Wednesday, March 29, 2017

From Wood to Coal: Directed Technical Change and the British Industrial Revolution

We have finally posted our long-promised paper on the Industrial Revolution as a CAMA Working Paper. This is the final paper from our ARC-funded DP12 project: "Energy Transitions: Past, Present and Future". The paper is coauthored with Jack Pezzey and Yingying Lu. We wrote our ARC proposal in 2011, but we "only" started work on the current model in late 2014 after I read Acemoglu's paper "Directed Technical Change" in detail on a flight back to Australia and figured out how to apply it to our case. We have presented the paper many times in seminars and conferences, though I will be presenting it again at the University of Sydney on April 6th.

The paper develops a directed technical change model of economic growth where there are two sectors of the economy each using a specific type of energy as well as machines and labor. The Malthus sector uses wood, which is only available in a fixed quantity per year, and the Solow sector uses coal, which is available at a fixed price. These assumptions are supported by the data. We don't think it is necessary to model coal as an explicitly non-renewable resource. As shallow deposits were worked out, technological change, including the development of the steam engine, allowed the exploitation of deeper deposits at more or less constant cost.

The names of the sectors come from the paper by Hansen and Prescott (2002): Malthus to Solow.  That paper assumes that technological change is exogenous and happens at a faster fixed rate in the Solow sector (which only uses labor and capital) than in the Malthus sector (which also uses a fixed quantity of land). The Solow sector is initially backward but because technical change is more rapid in that sector and it is not held back by fixed land, eventually it comes to dominate the economy in an industrial revolution.

Our paper updates this model for the 21st Century. In our model, technological change is endogenous, as is the speed with which it happens in each sector - the direction of technical change. We don't assume, a priori, that it is easier to find new ideas in the coal-using sector. In fact, we don't assume any differences between the sectors apart from the supply conditions of the two energy sources, which we explicitly model.
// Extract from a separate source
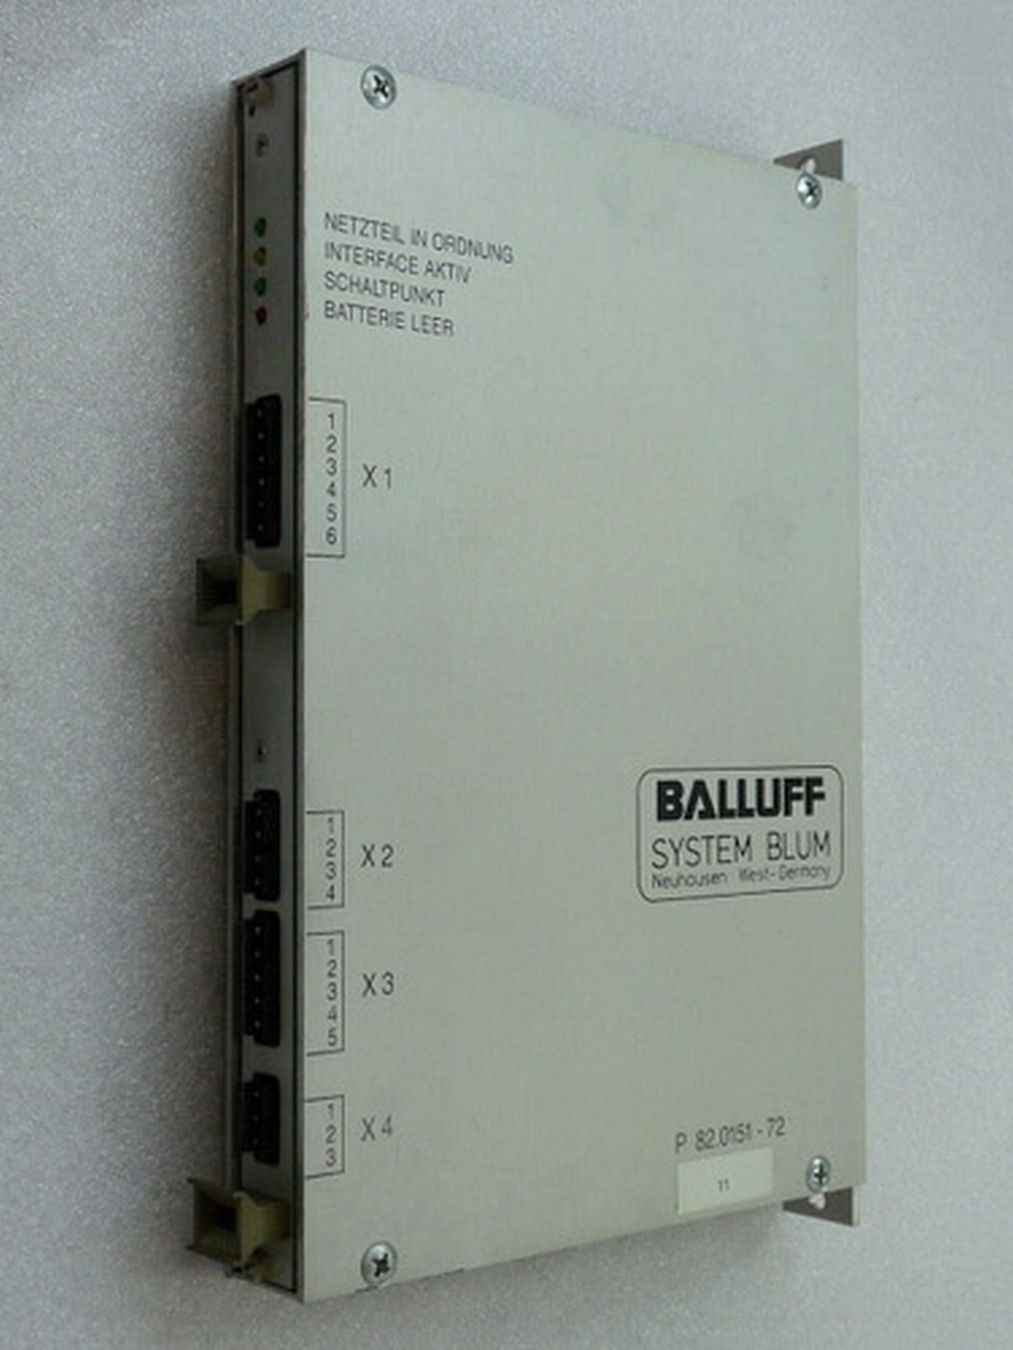 Balluff P 82.0151-72 System Blum Netzteil 82.0151-72,巴鲁夫,PLC

In most cases, an industrial revolution eventually happens. The most interesting case is when the elasticity of substitution between the outputs of the Malthus and Solow sector's is sufficiently high - based on our best guesses of the model parameters in Britain, greater than 2.9 - then it is possible if wood is relatively abundant for an economy to remain trapped forever in what we call Malthusian Sluggishness where growth is very low.* Population growth can push an economy out of this zone by raising the price of wood relative to coal and send the economy on a path to an industrial revolution.

These two phase diagrams show the two alternative paths an economy can take in the absence of population growth, depending on its initial endowment of knowledge and resources:

N is the ratio of knowledge in the Malthus sector (actually varieties of machines) to knowledge in the Solow sector. y is the ratio of output in the two sectors and e is the ratio of the price of wood to the price of coal. In the first diagram we see that an economy on an industrial revolution path first has rising wood prices relative to coal and also, initially, technical change is more rapid in the Malthus sector than in the Solow sector and so N rises too. In the long-run both these trends reverse and under Modern Economic Growth technical change is more rapid in the Solow sector and the relative price of wood falls. At the same time, we see in the second diagram that eventually the output of the Solow sector grows more rapidly than that of the Malthus sector so that y falls. The rate of economic growth also accelerates.

But an economy which starts out with a low relative wood price, e, or low relative knowledge in the Solow sector, N, can remain trapped with rising wood prices AND increasing specialization in the Malthus sector - rising y and N. Though there is coal lying underground, it is never exploited, even though switching to coal use would unleash more rapid economic growth in the long run. The myopic, but realistic, focus on near term profits from innovation discourages the required innovation in the Solow sector.

The core of the paper is a set of formal propositions laying out the logic of these findings but we also carry out simulations of the model calibrated to the British case over the period 1560-1900. Counterfactual simulations with more abundant wood, more expensive coal, more substitutability, less initial knowledge about using coal, or less population growth all delay the coming of the Industrial Revolution.

* We assume either that population is constant or treat its growth as exogenous.